だが、ペストレシアはその間にも新たな詠唱をしていた。
「さすがですね。……けどいくら頑丈でも、即死魔法は防げないでしょう?」
召喚した魔物の腕でリルテスタを倒せるとは思っていない。
だからこその時間稼ぎ。本命の術をかける為の囮だった。
「【ネクロ・ディノオルコ】」
ペストレシアがそう言い放つと、途端、リルテスタの体から青白い気体のようなものが溢れ出し、その体は不動の機械のようにその場に倒れた。
「あなたを相手にするには、正攻法じゃ勝ち目はありませんから。では、今度は私の操り人形になってもらいますね」
勝ちを確信したペストレシアは不敵な笑みを浮かべ、呪文を唱える。
「【ソウル・パペット】」
それは相手の魂を操る『ネクロマンサー』の呪術。
即死魔法と霊魂操作の合わせ技こそがペストレシアの得意とする戦術であった。
術にかかったリルテスタは虚ろな目をしながら静かに立ち上がり、ペストレシアの元へ歩き出す。
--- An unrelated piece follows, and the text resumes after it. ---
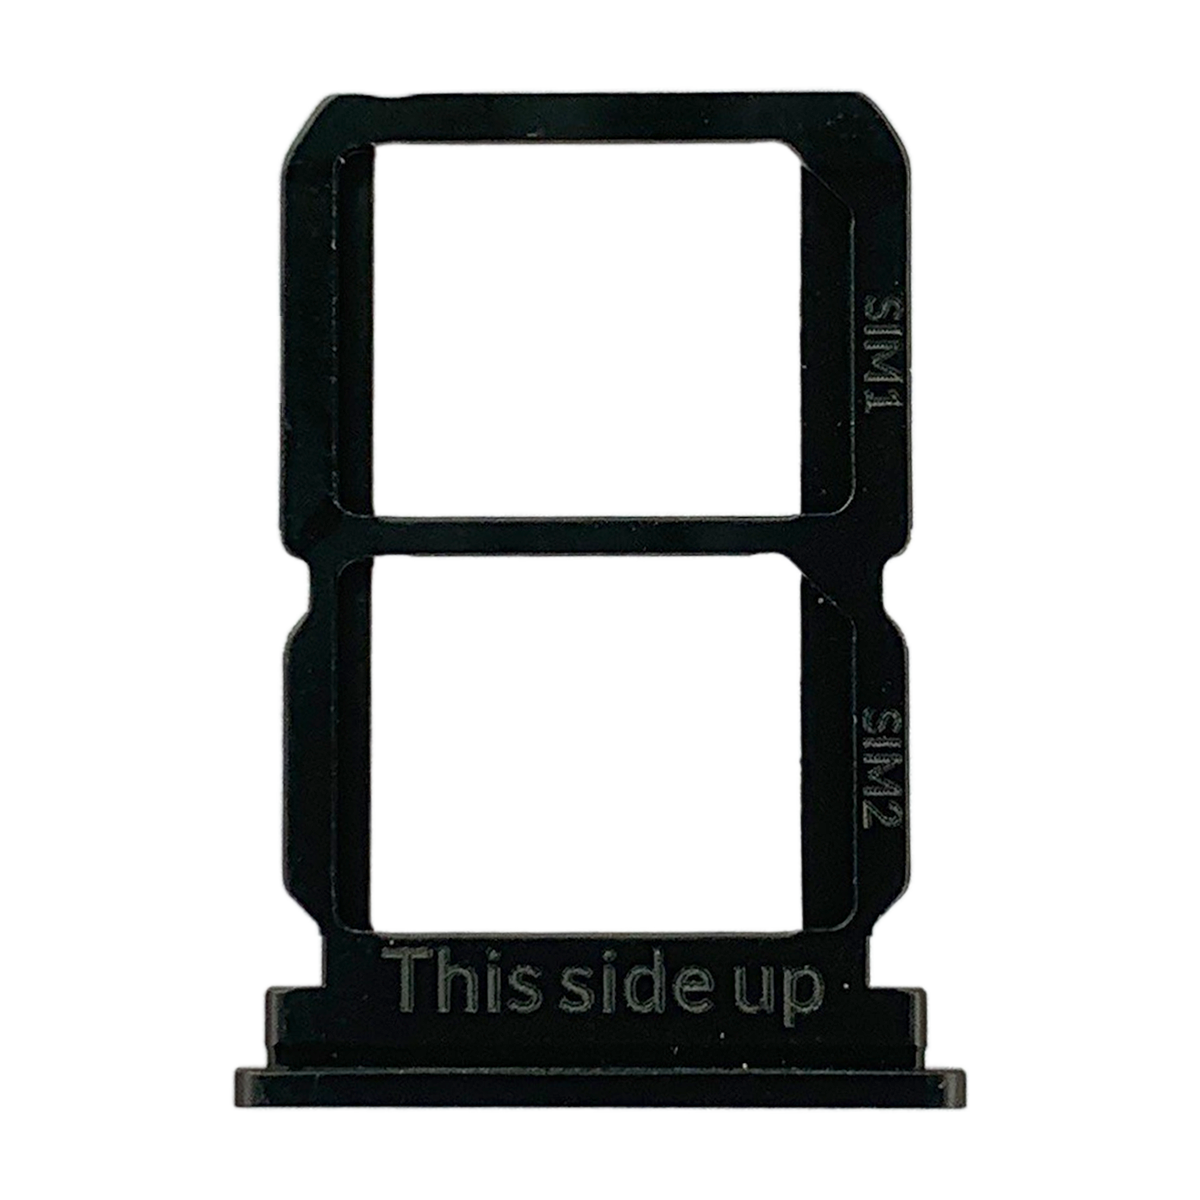 OnePlus 5T (A5010) SIM CARD Tray

「さて、リルテスタ様、これから残りの方々を一人残らず始末して――」
しかし、術にかかったはずのリルテスタは突如、ペストレシアに向かって懐に潜り、強烈なボディーブローを打ち込んだ。
「がはっ! ……っ?」
何が起きたのか分からず、ペストレシアはその場に崩れ落ちる。
「浄化の魔法を拳に込めた。アンデッドの体には効くじゃろう?」
霊魂操作は確実にかかった。にもかかわらず何故命令を無視して術者である自分を攻撃したのか。理解が追い付かず、地面を這いながらリルテスタを見上げる。
「……どうして、即死魔法を受けたはずなのに……」
「ん? ……ああ。わしも幼少期に禁術に手を出した事があってな」
あまり言いたくない様子で、彼女はペストレシアに説明する。
「呪いの一種でな。何をしても死ねない体なんじゃよわしは。不老不死というやつじゃ」
「そんな……そんな術があるなんて……」
「古代の禁術じゃからな。お前が知らぬのも無理ない。おかげでわしは未だ幼き姿のままじゃがな」
それを聞いたペストレシアは力が抜けたように地面に突っ伏した。
「そう……私達じゃ、どうやってもあなたには勝てないようね」
彼女から、戦意が完全に消えた。